Universal Music Group finalise landmark deal with AI startup Endel

(Credits: Far Out / Jakob Rosen / Samuel Regan-Asante)


Amid the growing global conversation surrounding Artificial Intelligence (AI), Universal Music Group (UMG) has announced a new deal with Endel, an organisation that uses AI to create instrumental soundscapes to facilitate work, meditation, and sleep. UMG plan to use Endel’s technology to create “science-backed” soundscapes designed to “enhance listeners’ wellness. They plan to create entirely new music as well as alternate versions of pre-extant music.

Endel’s AI software factors in a host of variables, including weather, time of day, location and heart rate, when creating new music on demand tailored for specific users. Endel has previously collaborated with Grimes, Miguel, Richie Hawtin, and UMG artist James Blake.

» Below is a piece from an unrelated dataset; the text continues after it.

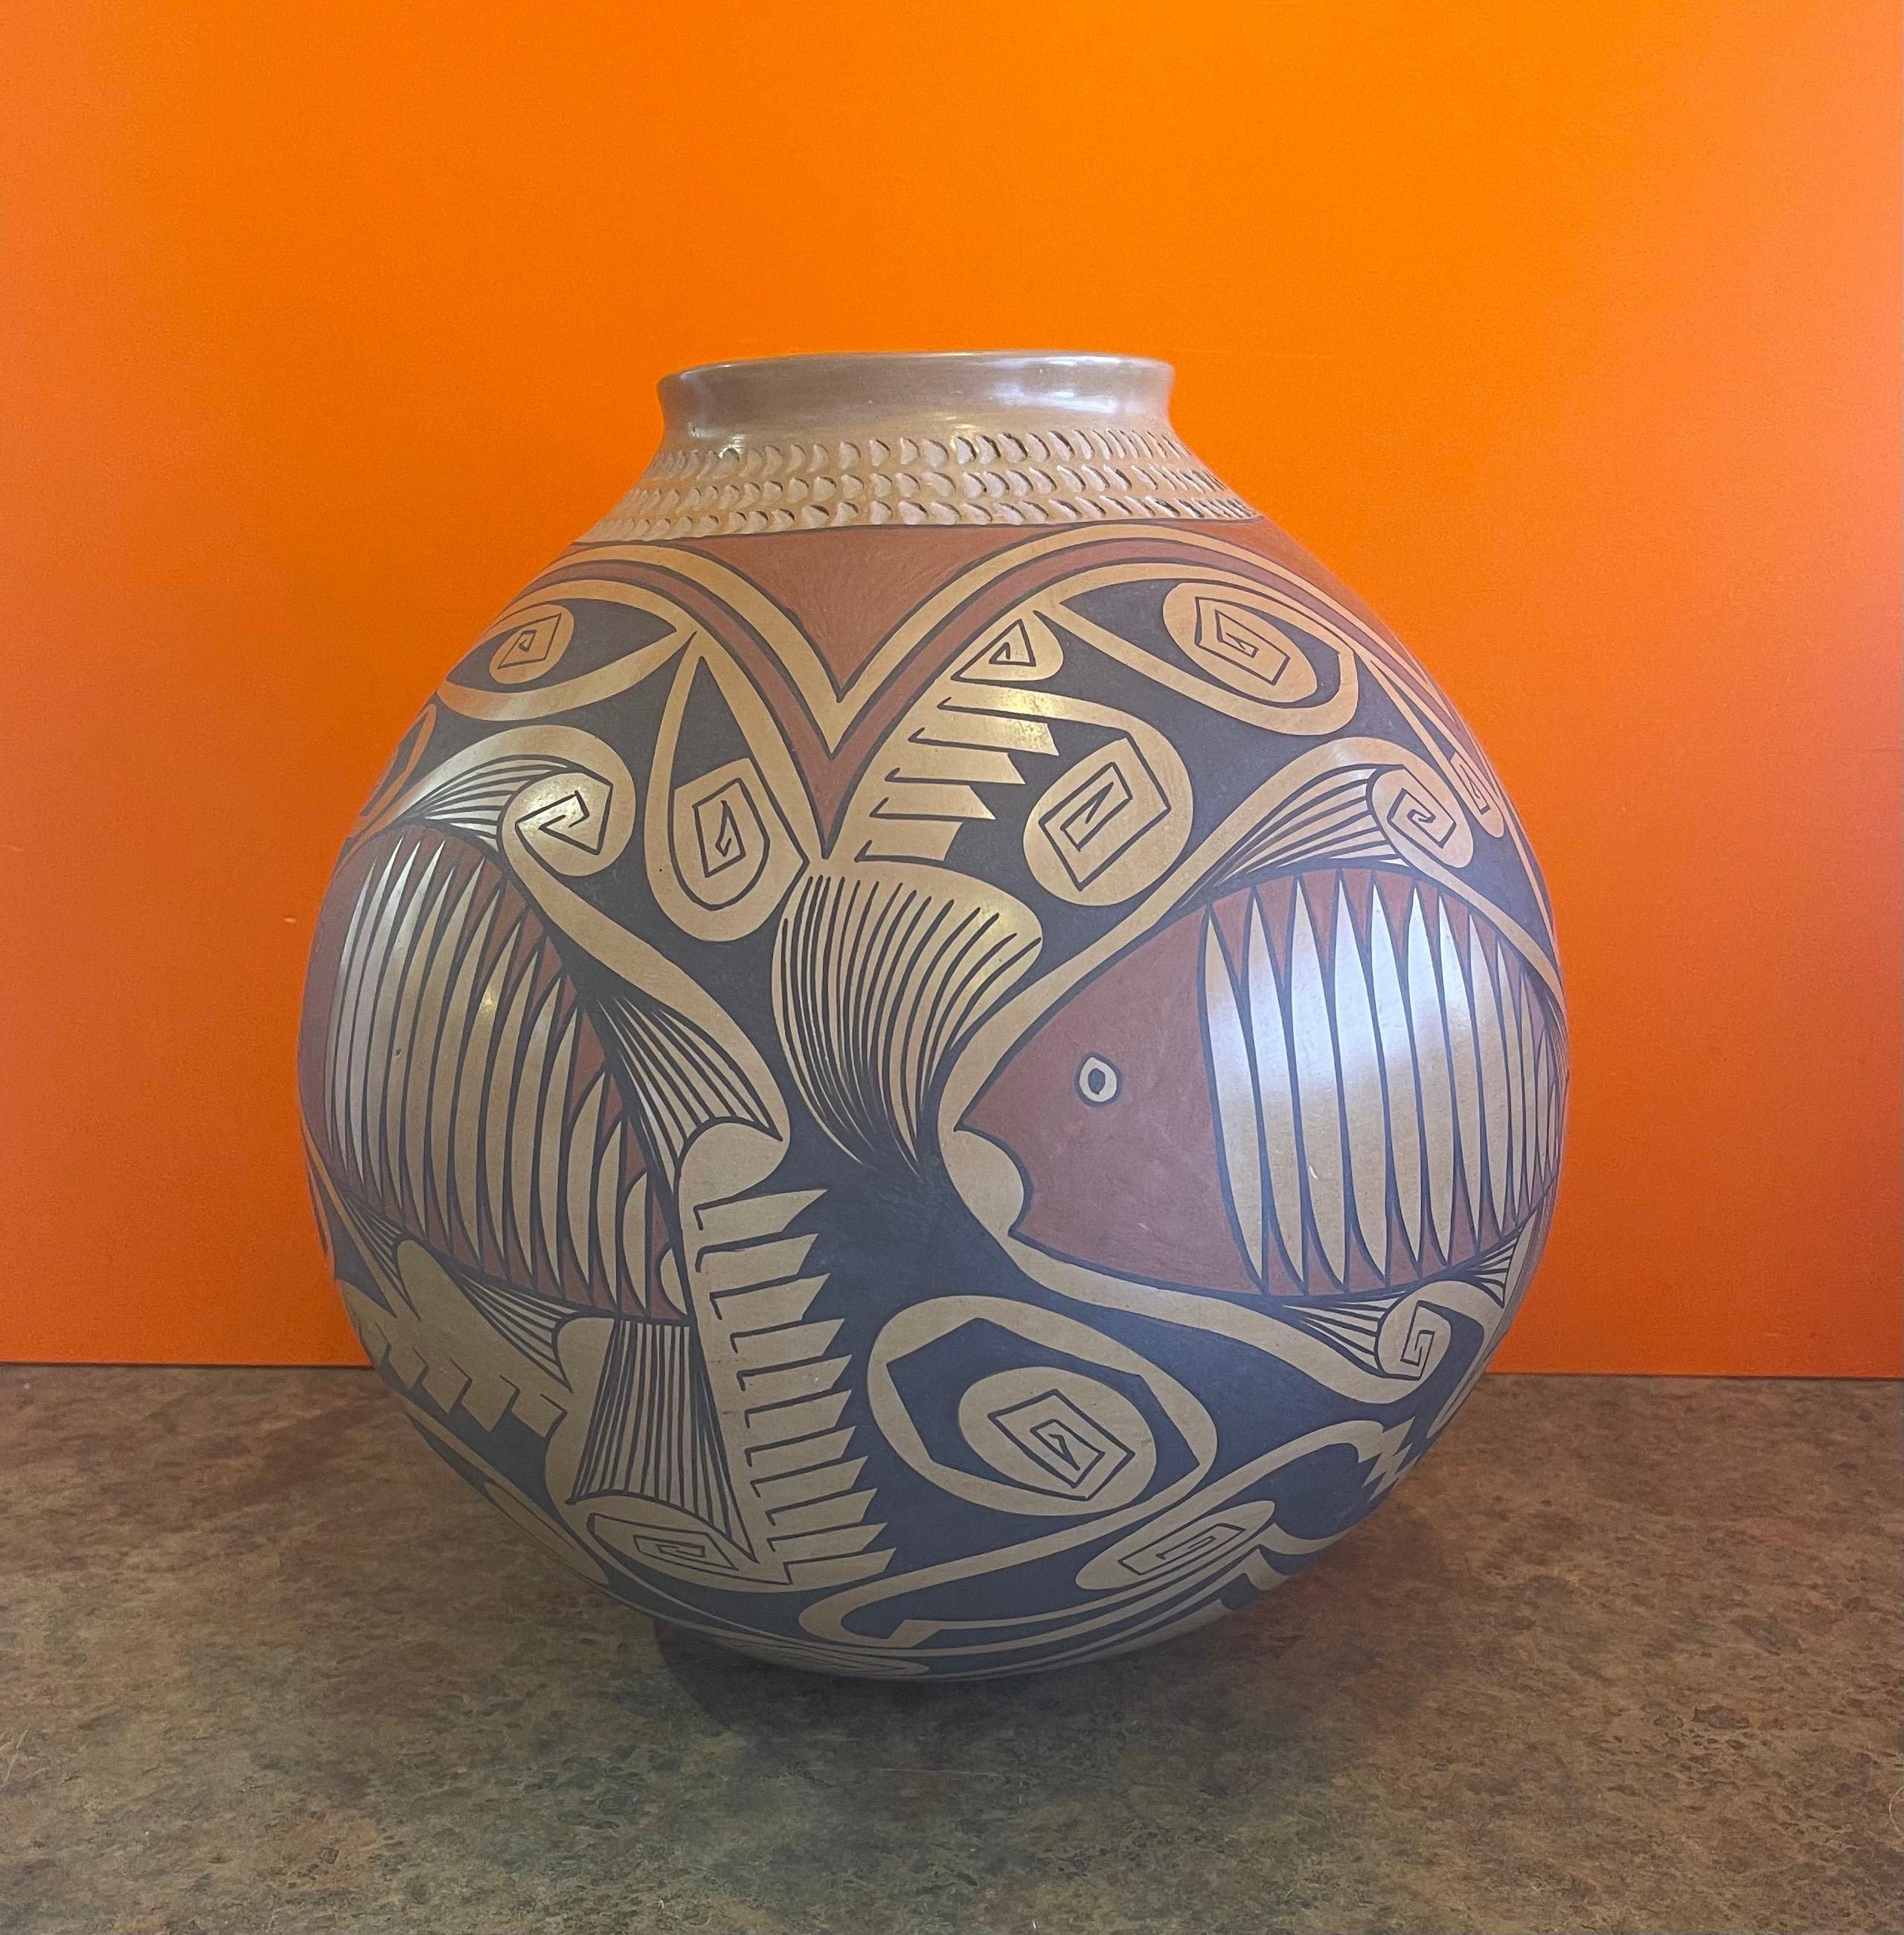 Beautiful hand-turned massive Mata Ortiz polychrome pottery vessel with fish motif by Gloria Hernandez, circa 1990s. The exquisite piece made of naturally brown clay has a unique black and brown fish design. This vase is in very good condition and

“At UMG, we believe in the incredible potential of ethical AI as a tool to support and enhance the creativity of our artists, labels and songwriters, something that Endel has harnessed with impressive ingenuity and scientific innovation,” UMG’s chief digital officer Michael Nash said in a new press statement. “We are excited to work together and utilise their patented AI technology to create new music soundscapes—anchored in our artist-centric philosophy—that are designed to enhance audience wellness, powered by AI that respects artists’ rights in its development.”

Endel’s space-age technology allows musicians to compose infinitely, meaning a song can be customised to continue perpetually in a unique, ever-changing algorithmic progression. “We’re able to create albums with the push of a button,” Endel’s co-founder and chief composer, Dmitry Evgrafov, said in a 2022 interview with Pitchfork.

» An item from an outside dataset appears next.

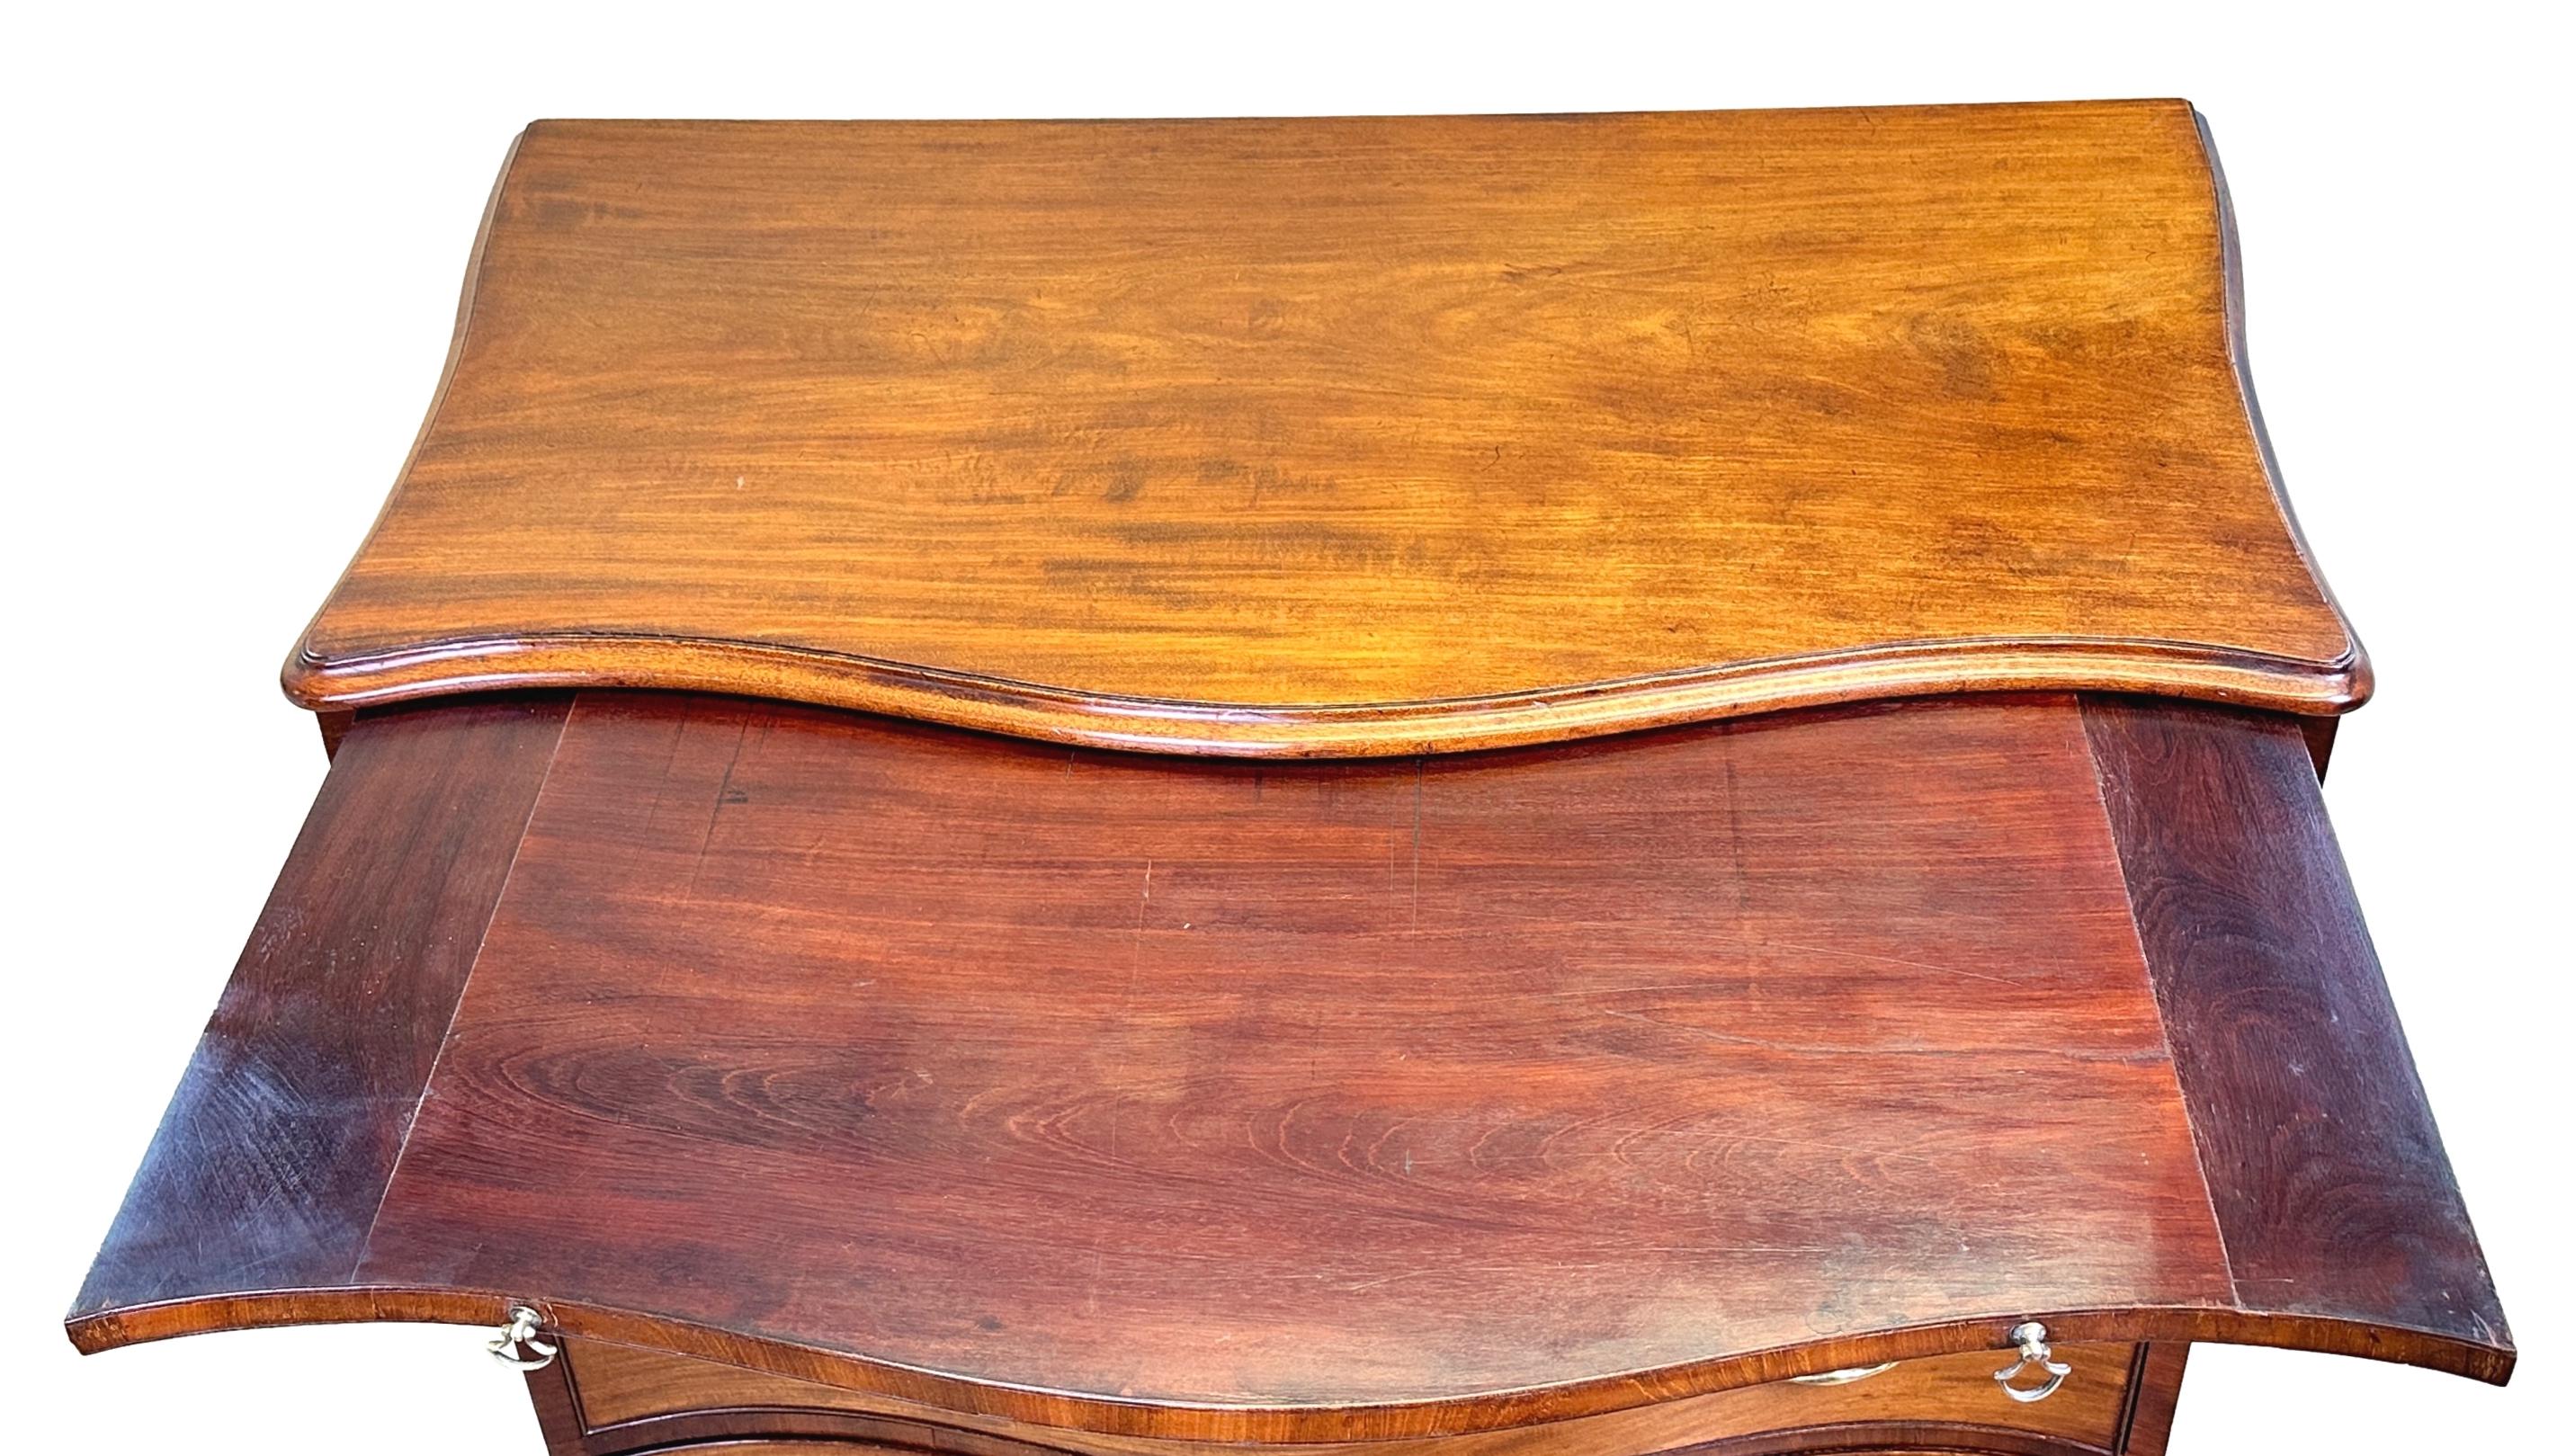 A Very Good Quality Late 18th Century, Georgian, Mahogany Chest, Of Elegant Serpentine Form, Having Well Figured Shaped Top Over Brushing Slide And Four Long Drawers, Retaining Original Brass Swan Neck Handles And Raised On Original Shaped Bracket

“UMG’s success has been, in part, due to embracing new technology and putting it to work for our artists–as we have been doing with our own innovation around AI for some time already,” James Murtagh-Hopkins, UMG’s senior vice president of communications said in a recent statement. 

“With that said, however, the training of generative AI using our artists’ music (which represents both a breach of our agreements and a violation of copyright law), as well as the availability of infringing content created with generative AI on DSPs, begs the question as to which side of history all stakeholders in the music ecosystem want to be on: the side of artists, fans and human creative expression, or on the side of deep fakes, fraud and denying artists their due compensation.

“These instances demonstrate why platforms have a fundamental legal and ethical responsibility to prevent the use of their services in ways that harm artists. We’re encouraged by the engagement of our platform partners on these issues–as they recognise they need to be part of the solution.”